Senior director of retail innovation, Revionics
Spencer Baird, former chief merchant for Peapod and currently executive vice president and head of marketing technology with Inmar Intelligence, said retailers are taking a “scalpel-like approach” to distributing promotions. They can use their loyalty data to identify price-sensitive shoppers and then bring in ad spending from manufacturers that want to target those individuals.
“We’re seeing a lot more personalized offers and to me, that’s great because it’ll maximize return on ad spend,” Baird said. “At the same time, [retailers] don’t break the bank on supply.”
Baird said there are other ways retailers can keep shoppers spending with their stores, like offering “white glove” customer service and improving the e-commerce experience.
Sources said it’s hard to know just how long rising inflation and supply chain disruptions will persist. Sankaran said he expects inflation will moderate in the second half of the year, while Davey said he expects supply pressures will persist throughout the rest of the year.

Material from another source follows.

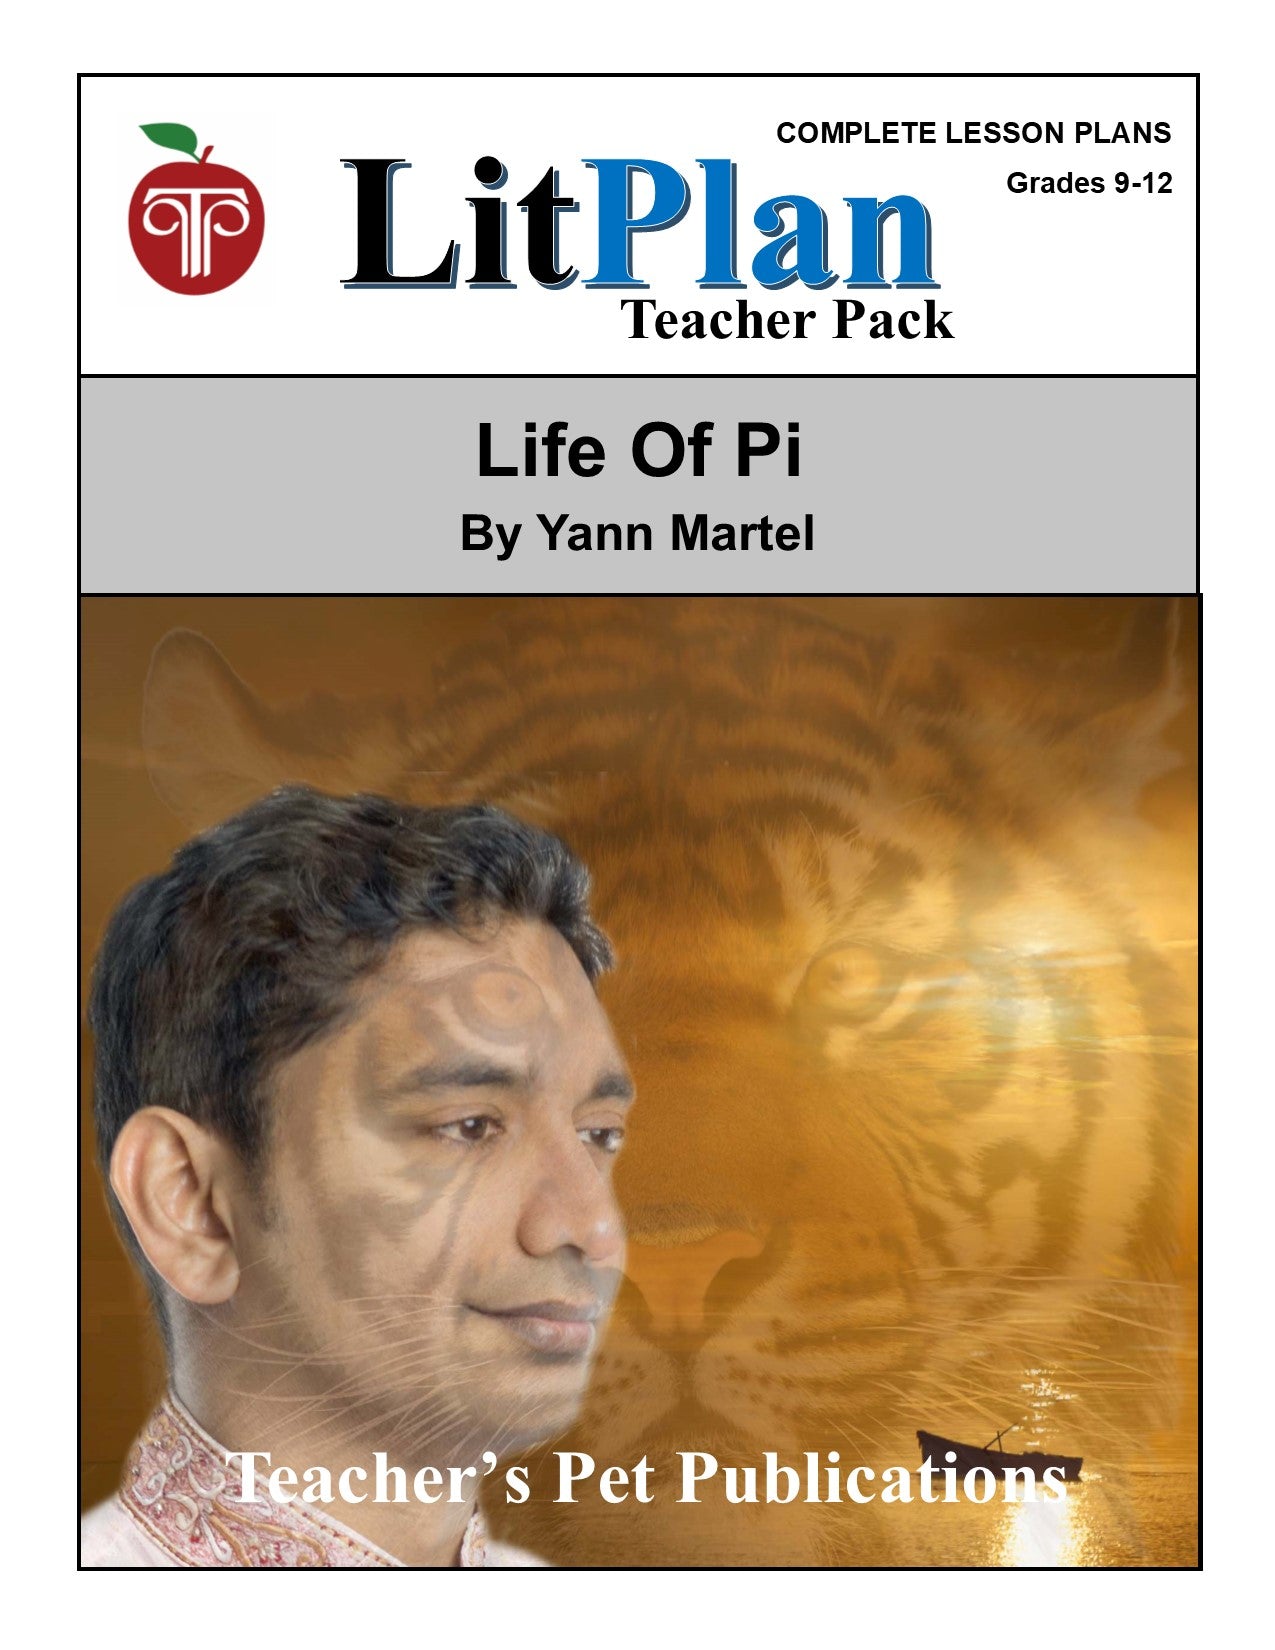 Life of Pi: LitPlan Teacher Pack Grades 9-12
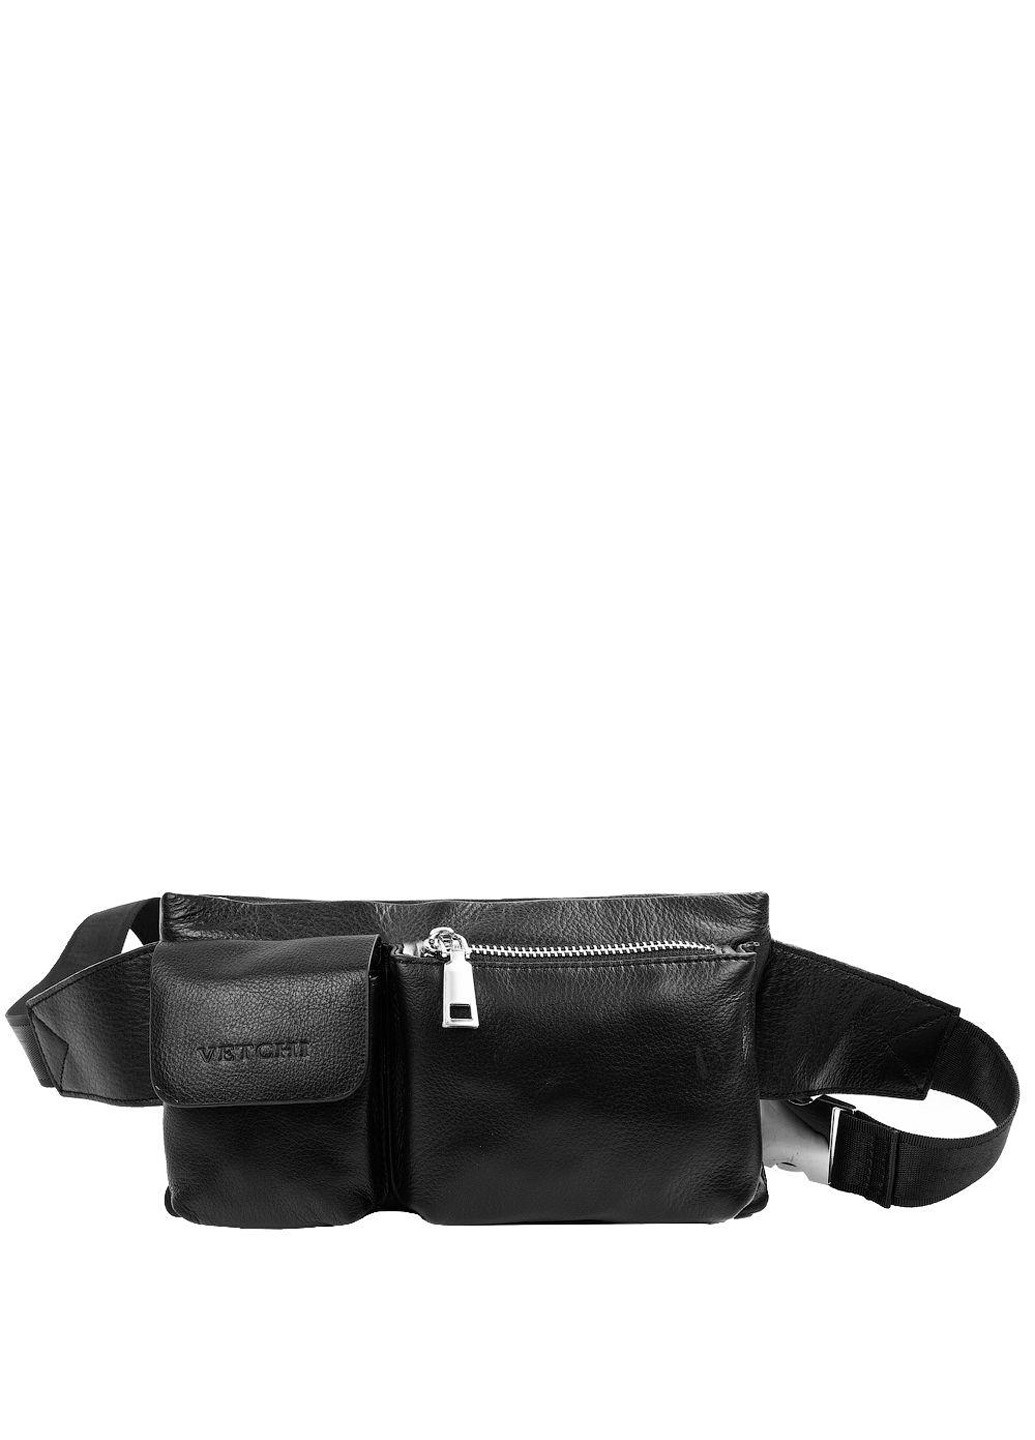 Женская кожаная поясная сумка 23х13х4,5 см Valiria Fashion (205132251)

Baird, meanwhile, declined to speculate on the duration of the current pressures retailers and consumers are facing, but did advise retailers to focus less on margins and sales growth and more on consumer-focused metrics like the number of shoppers engaging with stores as well as basket size and trip frequency.
“The retailer that’s focused on shoppers, frequency and baskets, they tend to make a lot more progress because they know that every day going to work, they’ve got to get two of those three things right and they’re good to go,” he said.